Saturday, May 21, 2016

Secondary To None

You think you've seen it all when it come to strange Topps offerings, right?  From gubernatorial candidates to baseball commissioners to little kids who won a contest, over the years Topps has put out some strange ones.  While it's nothing now for them to reel off a single subject printing (same day even) or a small set designed for a specific purpose such as the 1964 Rookie Banquet, before the dawn of digital photography and graphics software it used to take a lot of design and production work to do so. Yet they constantly did this right into the modern digital age.

In 1989 Topps made what is known in the financial world as a secondary offering of their stock. What that means is either an existing public company issued more shares of stock to raise additional capital or that current shareholders offered for sale, as a group, some of their existing shares.

The first Topps stock sale was, obviously, when they went public:

It's involved but Topps Chewing Gum redeemed all of its outstanding preferred stock (3,150 Series A shares and 4,157 B shares) on April 27, 1972, which represented the shares that were privately and primarily held by directors of the Company (mostly the Shorin family). The next day they did a 380-for-1 stock split of their common stock, ownership of which was still held within the company. Five million shares of common stock were priced at 10 cents a share a then retroactively applied back to February 28, 1971.

On March 3, 1973 100,000 shares of common stock were reserved for future stock options to be granted by the company. This was done to align with the Topps fiscal year from what I can make out. Eventually 60,000 shares of common stock were offered in an IPO on June 15, 1972. I would call Topps Chewing Gum a closely held public company as of that date.

You can see that Joel Shorin signed (or had his signature reproduced) as President and Louis Walker did the same as Treasurer, Agent and Registrar. Manufacturers Hanover Trust, the Shorin's longtime bank dating back to the founding of the American Leaf Tobacco Company in 1908, was the transfer agent, meaning they handled all stock transactions. Here's Louis now, standing in front of an ancient data storage system that could probably fit on my cell phone with room to spare:

Also of interest is the corporate seal:

Those of you who have been reading this blog or my book know that Topps was founded in 1938, incorporated briefly and then unincorporated around the start of World War 2, likely to avoid public scrutiny of their plans to buy up struggling candy companies due to looming sugar quotas. They then reincorporated following the death of their patriarch Morris Shorin in 1947.

Topps went private again in 1984 in a Leveraged Buy Out and subsequently reincorporated in Delaware. By 1987, wanting to take advantage of the roaring bull market, they went public again, only to watch the stock market come crashing down in October of that year. I lose the thread a bit after that but in 1989, with Upper Deck joining a host of competitors, Topps made a secondary offering of common stock. 2.5 million shares were underwritten by Alex. Brown & Sons and to commemorate this event, Topps created a set of cards featuring the financial gurus who put the deal together. Thanks to the recently concluded REA auction, we can take a look at these cards, featuring the ABS team:

There are some really ill-fitting caps in some shots-yikes! I do like how they kept the 1989 Baseball design intact though. And I doubt you could use full MLB uniforms on such cards today but it was a simpler time back then.
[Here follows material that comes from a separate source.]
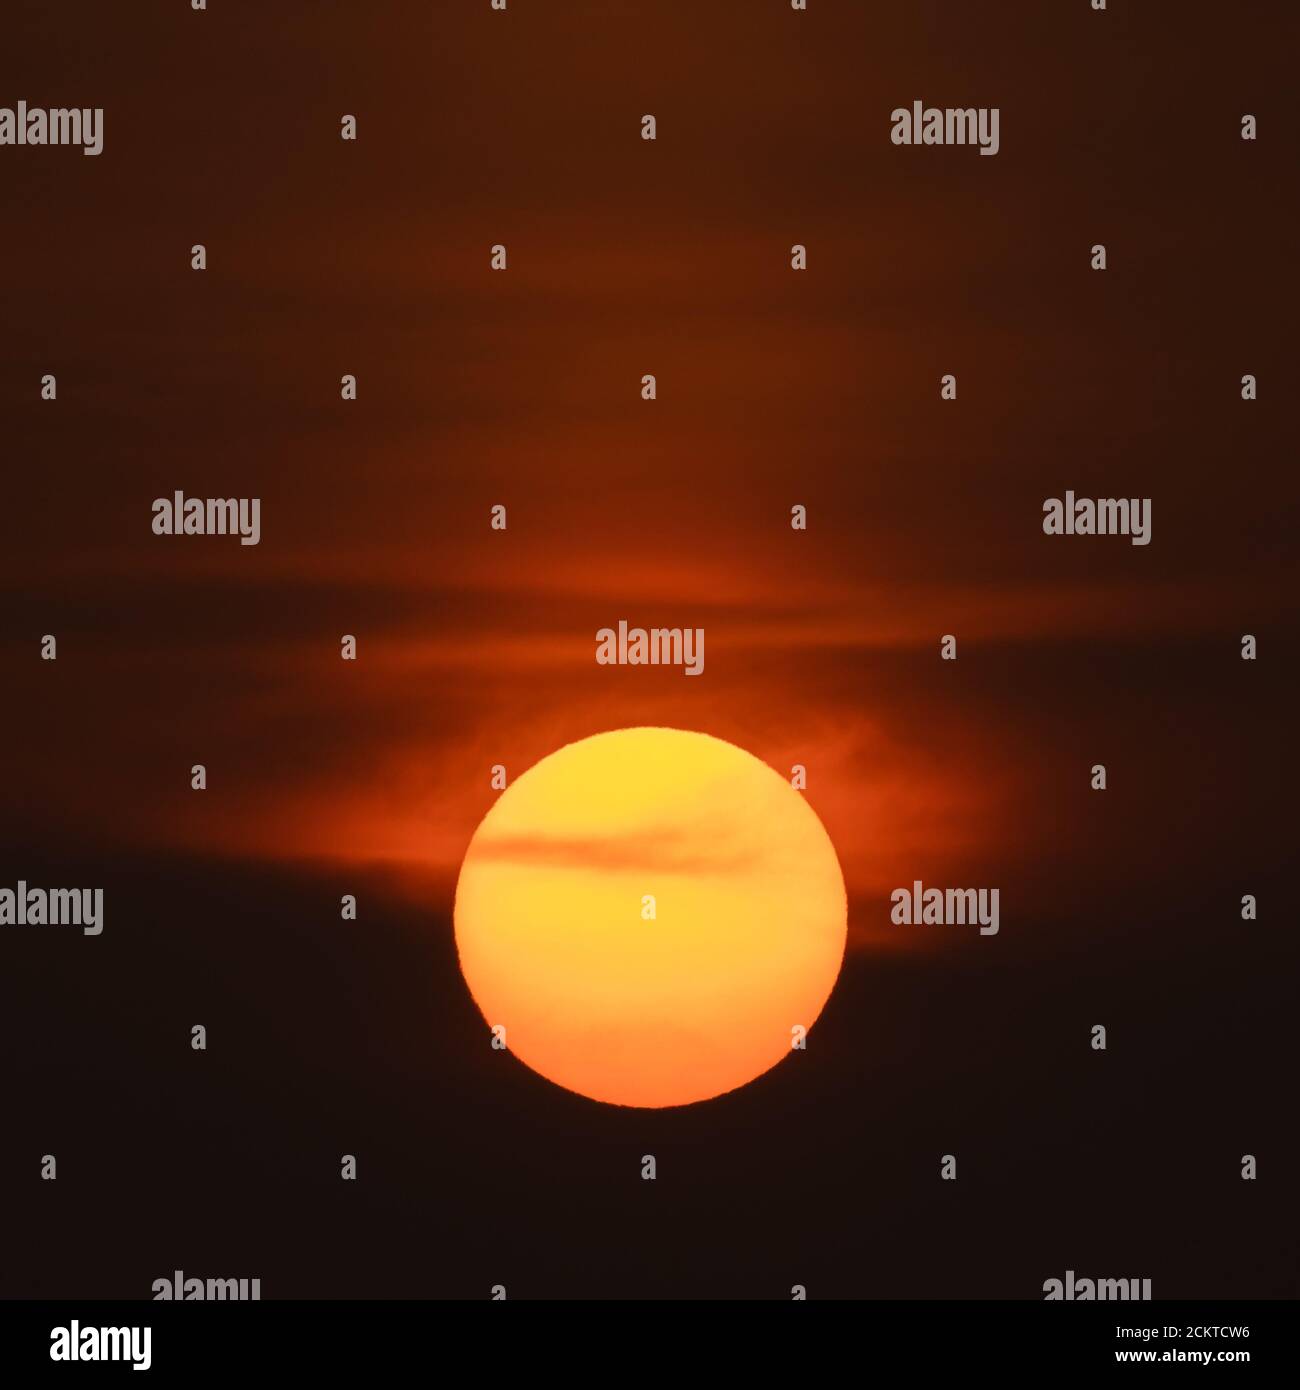 Wetter in Großbritannien: Ein nebliger, gedämpfter Sonnenuntergang Stockfoto

The backs give a little biographical detail for each subject:

Here's one that caught my eye, sorry it's a little blurry:

I have to say "Mouthpiece" is a pretty awesome nickname!  My enthusiasm though, was dampened considerably upon reading that Mr. Greer's hobbies are "Investment Banking and other games of chance."  Dude.......

I actually own a share of Topps stock, although it's long since been rendered worthless as the issue was redeemed some time ago.  I think these were issued with collectors in mind given the par value but can't quite recall. 1994 seems to be the year of issuance:

Arthur Shorin was Chairman at the time. Nice to see the Shorin's kept their historical banking institution in the mix (Chemical Bank merged with Manufacturers Hanover in 1991).

A long overdue tip o' the cap to Dale Beaumont for arranging that I get that share!